Managing NFS and NIS, 2nd Edition - Mike Eisler [238]
However, all tuning processes are subject to a law of diminishing returns. Getting the last 5-10% out of an application usually means hand-rolling loops or reading assembly language listings. Fine-tuning a network server to an "optimum" configuration may yield that last bit of performance, but the next network change or new client added to the system may make performance of the finely tuned system worse than that of an untuned system. If other aspects of the computing environment are neglected as a result of the incremental server tuning, then the benefits of fine-tuning certainly do not justify its costs.

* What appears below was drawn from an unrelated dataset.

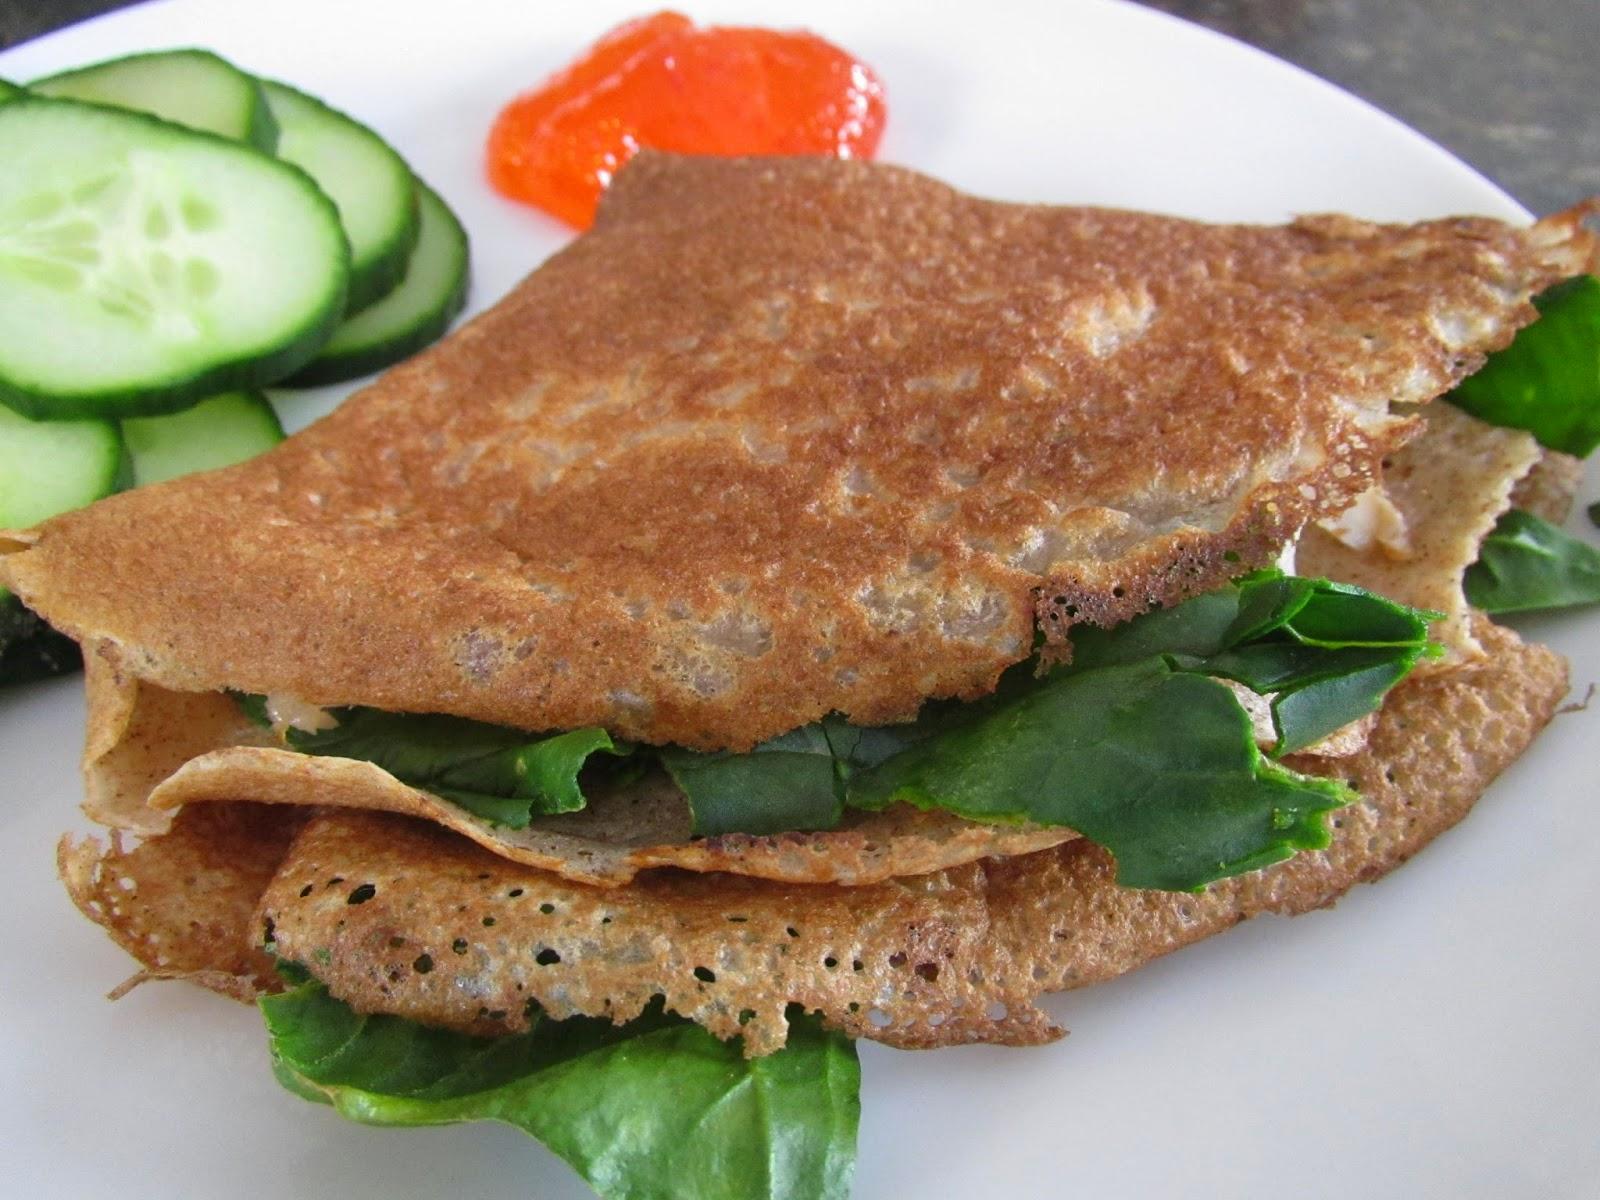 Gluten Free Hot Crepe Sandwich

Our approach will be to make things "close enough for jazz." Folklore has it that jazz musicians take their instruments from their cases, and if all of the keys, strings, and valves look functional, they start playing music. Fine-tuning instruments is frowned upon, especially when the ambient street noise masks its effects. Simply ensuring that network and server performance are acceptable — and remain consistently acceptable in the face of network changes — is often a realistic goal for the tuning process.
As a network manager, you are also faced with the task of balancing the demands of individual users against the global constraints of the network and its resources. Users have a local view: they always want their machines to run faster, but the global view of the system administrator must be to tune the network to meet the aggregate demands of all users. There are no constraints in NFS or NIS that keep a client from using more than its fair share of network resources, so NFS and NIS tuning requires that you optimize both the servers and the ways in which the clients use these servers.[1]
Characterization of NFS behavior
You must be able to characterize the demands placed on your servers as well as available configuration options before starting the tuning process. You'll need to know the quantities that you can adjust, and the mechanisms used to measure the success of any particular change. Above all else, it helps to understand the general behavior of a facility before you begin to measure it. In the first part of this book, we have examined individual NFS and NIS requests, but haven't really looked at how they are generated in "live" environments.
NFS requests exhibit randomness in two ways: they are typically generated in bursts, and the types of requests in each burst usually don't have anything to do with each other. It is very rare to have a steady, equally spaced stream of requests arriving at any server. The typical NFS request generation pattern involves a burst of requests as a user loads an application from an NFS server into memory or when the application reads or writes a file. These bursts are followed by quiet periods when the user is editing, thinking, or eating lunch. In addition, the requests from one client are rarely coordinated with those from another; one user may be reading mail while another is building software. Consecutive NFS requests received by a server are likely to perform different functions on different parts of one or more disks.
NFS traffic volumes also vary somewhat predictably over the course of a day. In the early morning, many users read their mail, placing a heavier load on a central mail server; at the end of the day most file servers will be loaded as users wrap up their work for the day and write out modified files. Perhaps the most obvious case of time-dependent server usage is a student lab. The hours after class and after dinner are likely to be the busiest for the lab servers, since that's when most people gravitate toward the lab.